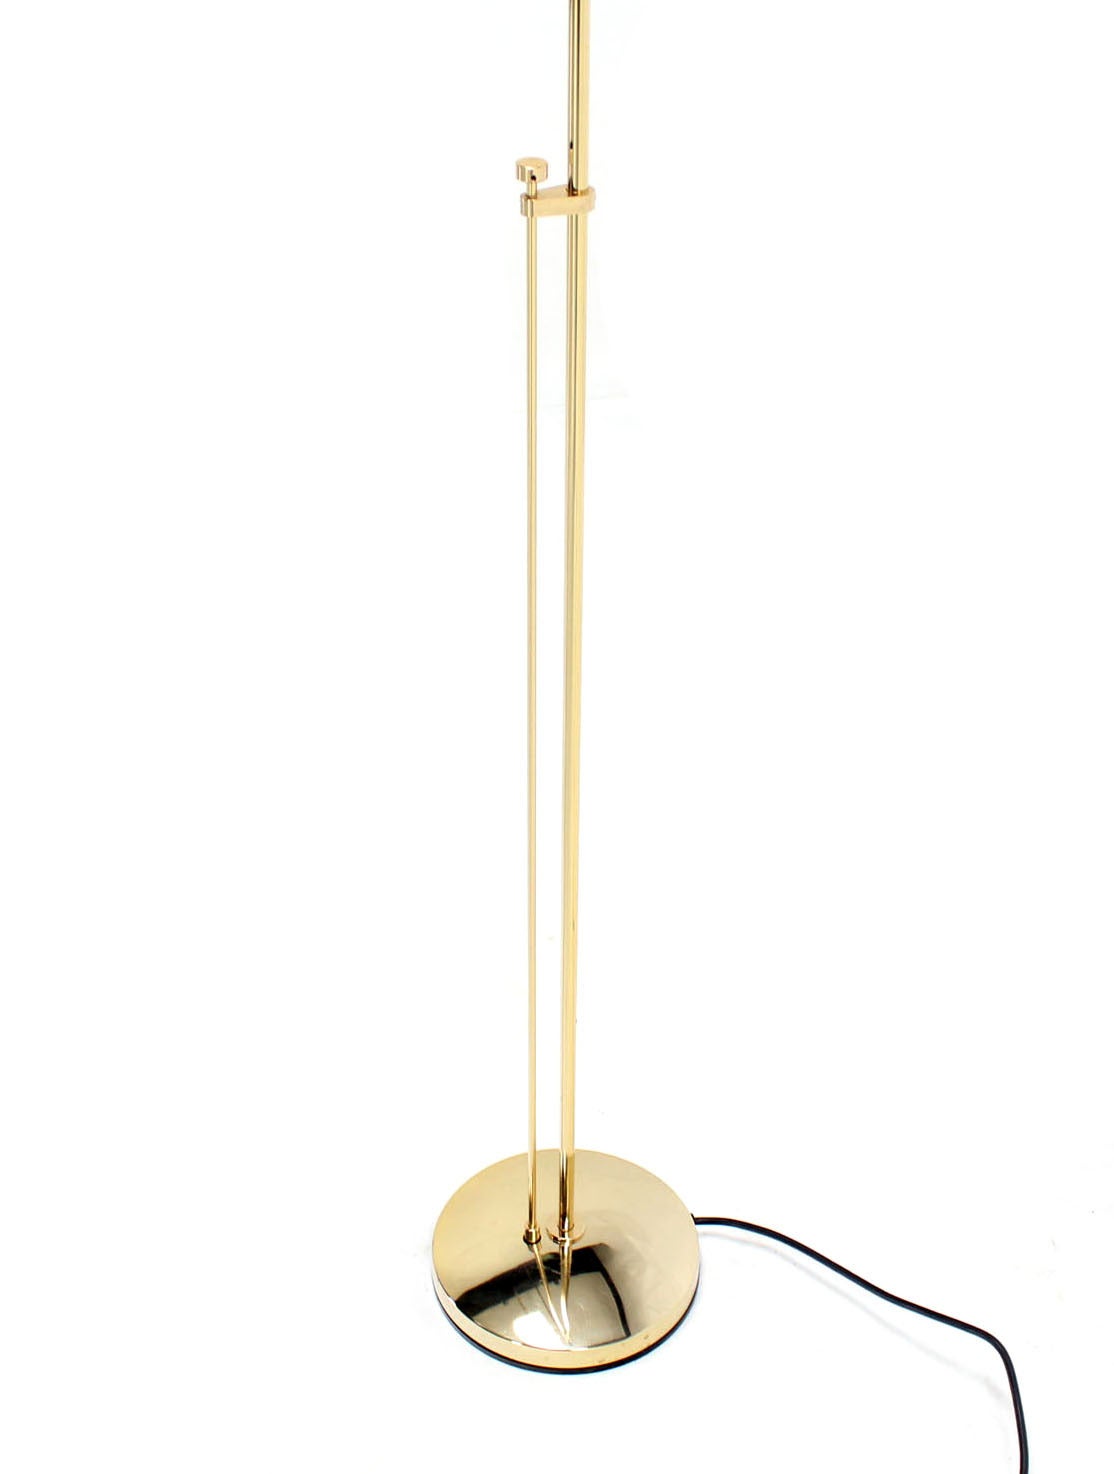 American Estiluz Adjustable Hallogen Floor Lamp with Dimmer
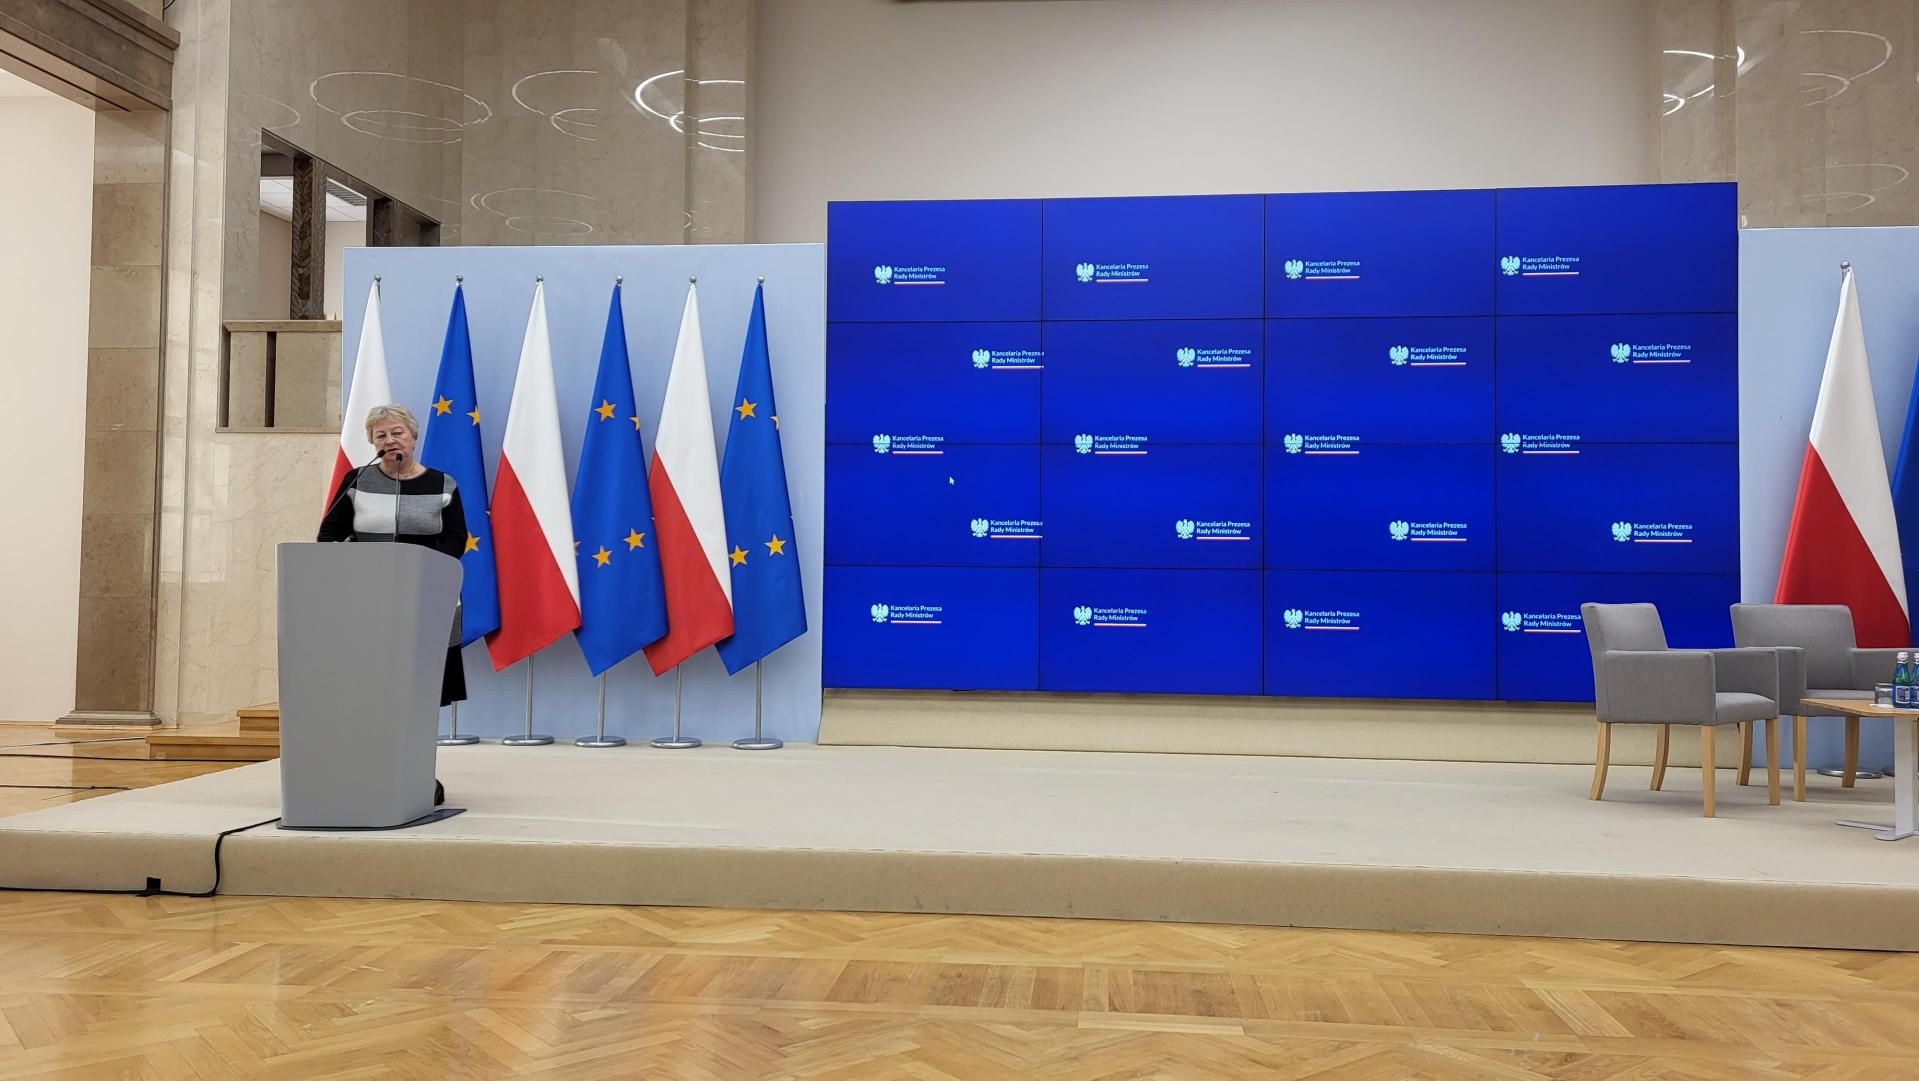 Scena z mównicą oraz w tle flagi Polski i UE. Obok duży ekran do prezentacji
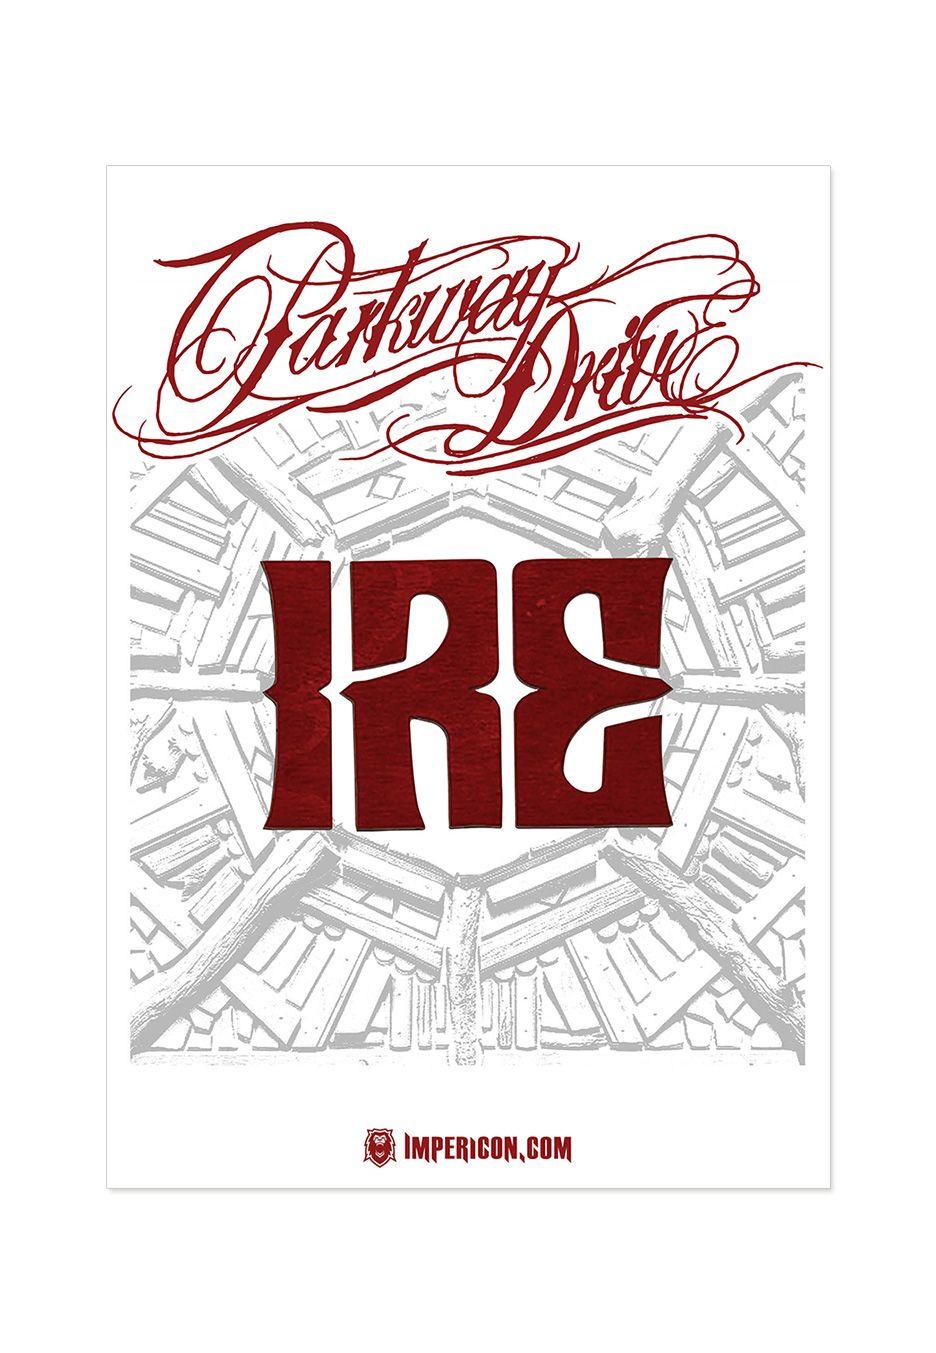 Parkway Drive Ire Logo - Parkway Drive - Ire Logo Deluxe Special Pack - T-Shirt - CDs, Vinyl ...

PROBLEM DESCRIPTION =
Please reproduce the material above word for word, without its images.

RESULT =
 American Estiluz Adjustable Hallogen Floor Lamp with Dimmer
 Scena z mównicą oraz w tle flagi Polski i UE. Obok duży ekran do prezentacji
 Parkway Drive Ire Logo - Parkway Drive - Ire Logo Deluxe Special Pack - T-Shirt - CDs, Vinyl ...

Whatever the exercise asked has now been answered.